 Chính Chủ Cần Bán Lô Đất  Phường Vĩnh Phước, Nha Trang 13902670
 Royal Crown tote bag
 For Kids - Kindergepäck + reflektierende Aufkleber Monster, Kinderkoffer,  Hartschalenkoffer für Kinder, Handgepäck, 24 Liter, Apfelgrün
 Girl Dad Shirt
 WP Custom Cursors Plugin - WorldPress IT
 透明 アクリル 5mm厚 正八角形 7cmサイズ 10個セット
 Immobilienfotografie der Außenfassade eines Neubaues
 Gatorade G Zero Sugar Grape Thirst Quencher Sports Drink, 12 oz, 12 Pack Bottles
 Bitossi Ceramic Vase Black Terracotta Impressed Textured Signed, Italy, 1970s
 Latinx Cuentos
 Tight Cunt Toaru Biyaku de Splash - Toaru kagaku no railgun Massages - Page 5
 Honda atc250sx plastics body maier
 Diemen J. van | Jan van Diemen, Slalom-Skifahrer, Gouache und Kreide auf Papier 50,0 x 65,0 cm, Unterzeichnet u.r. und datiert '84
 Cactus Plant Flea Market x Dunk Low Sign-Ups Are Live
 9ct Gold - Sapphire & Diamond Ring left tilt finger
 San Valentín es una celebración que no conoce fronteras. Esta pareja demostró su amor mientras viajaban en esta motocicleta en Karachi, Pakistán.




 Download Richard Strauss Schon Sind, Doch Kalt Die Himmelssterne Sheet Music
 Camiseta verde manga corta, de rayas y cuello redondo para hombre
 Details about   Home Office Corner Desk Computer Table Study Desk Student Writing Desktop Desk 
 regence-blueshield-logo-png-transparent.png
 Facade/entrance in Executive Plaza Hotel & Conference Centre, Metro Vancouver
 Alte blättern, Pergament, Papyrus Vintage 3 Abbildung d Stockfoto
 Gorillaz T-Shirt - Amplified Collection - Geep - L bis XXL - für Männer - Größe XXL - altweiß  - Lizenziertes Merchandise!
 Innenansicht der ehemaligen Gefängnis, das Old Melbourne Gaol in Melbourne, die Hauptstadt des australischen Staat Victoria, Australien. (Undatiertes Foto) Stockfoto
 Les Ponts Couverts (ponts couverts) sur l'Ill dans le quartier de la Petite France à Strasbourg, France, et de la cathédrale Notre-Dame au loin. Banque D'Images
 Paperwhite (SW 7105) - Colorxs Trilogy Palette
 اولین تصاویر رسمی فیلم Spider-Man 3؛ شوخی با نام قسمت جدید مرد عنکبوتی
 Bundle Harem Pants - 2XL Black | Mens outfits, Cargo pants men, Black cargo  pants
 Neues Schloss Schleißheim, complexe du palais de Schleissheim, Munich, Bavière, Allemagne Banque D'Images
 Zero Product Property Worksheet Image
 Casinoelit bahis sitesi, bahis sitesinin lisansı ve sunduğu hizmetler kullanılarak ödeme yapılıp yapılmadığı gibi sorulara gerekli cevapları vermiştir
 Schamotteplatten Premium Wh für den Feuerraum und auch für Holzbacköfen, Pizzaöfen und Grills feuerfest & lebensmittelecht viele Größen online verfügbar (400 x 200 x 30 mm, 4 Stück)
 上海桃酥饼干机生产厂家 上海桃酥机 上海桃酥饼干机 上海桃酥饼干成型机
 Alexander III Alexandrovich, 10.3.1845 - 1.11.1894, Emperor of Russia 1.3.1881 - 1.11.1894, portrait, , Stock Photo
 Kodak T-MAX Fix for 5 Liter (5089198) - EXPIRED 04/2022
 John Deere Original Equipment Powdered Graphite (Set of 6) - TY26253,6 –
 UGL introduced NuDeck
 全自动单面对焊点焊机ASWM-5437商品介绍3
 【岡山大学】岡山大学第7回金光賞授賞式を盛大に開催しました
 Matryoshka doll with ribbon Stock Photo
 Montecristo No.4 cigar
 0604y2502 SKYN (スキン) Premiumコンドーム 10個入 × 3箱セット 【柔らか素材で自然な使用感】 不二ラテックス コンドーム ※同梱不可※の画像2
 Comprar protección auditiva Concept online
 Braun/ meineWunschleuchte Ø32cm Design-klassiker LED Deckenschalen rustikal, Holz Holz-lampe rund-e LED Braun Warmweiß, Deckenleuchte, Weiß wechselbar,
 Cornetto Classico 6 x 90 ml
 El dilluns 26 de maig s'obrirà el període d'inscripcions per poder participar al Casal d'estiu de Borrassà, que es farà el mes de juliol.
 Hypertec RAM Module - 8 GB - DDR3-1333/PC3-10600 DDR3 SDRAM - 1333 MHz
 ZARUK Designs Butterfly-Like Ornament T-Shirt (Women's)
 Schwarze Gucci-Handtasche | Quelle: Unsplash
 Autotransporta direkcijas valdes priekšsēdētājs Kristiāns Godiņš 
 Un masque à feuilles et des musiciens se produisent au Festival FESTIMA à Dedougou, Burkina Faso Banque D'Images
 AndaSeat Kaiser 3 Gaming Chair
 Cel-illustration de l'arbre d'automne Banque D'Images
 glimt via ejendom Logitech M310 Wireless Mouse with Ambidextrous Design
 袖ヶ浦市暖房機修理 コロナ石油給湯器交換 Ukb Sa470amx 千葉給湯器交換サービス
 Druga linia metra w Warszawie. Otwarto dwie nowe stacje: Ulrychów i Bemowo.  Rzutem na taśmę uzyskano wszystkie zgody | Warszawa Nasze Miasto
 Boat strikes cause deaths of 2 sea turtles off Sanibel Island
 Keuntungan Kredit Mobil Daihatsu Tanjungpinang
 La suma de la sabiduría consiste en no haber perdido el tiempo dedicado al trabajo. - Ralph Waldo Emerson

===

= What needs to be done =
The result should consist solely of the lines from the one that contains "袖ヶ浦市暖房機修理 コロナ石油給湯器交換 Ukb" to the last line of the records above, reproduced exactly.

= Result of the exercise =
 袖ヶ浦市暖房機修理 コロナ石油給湯器交換 Ukb Sa470amx 千葉給湯器交換サービス
 Druga linia metra w Warszawie. Otwarto dwie nowe stacje: Ulrychów i Bemowo.  Rzutem na taśmę uzyskano wszystkie zgody | Warszawa Nasze Miasto
 Boat strikes cause deaths of 2 sea turtles off Sanibel Island
 Keuntungan Kredit Mobil Daihatsu Tanjungpinang
 La suma de la sabiduría consiste en no haber perdido el tiempo dedicado al trabajo. - Ralph Waldo Emerson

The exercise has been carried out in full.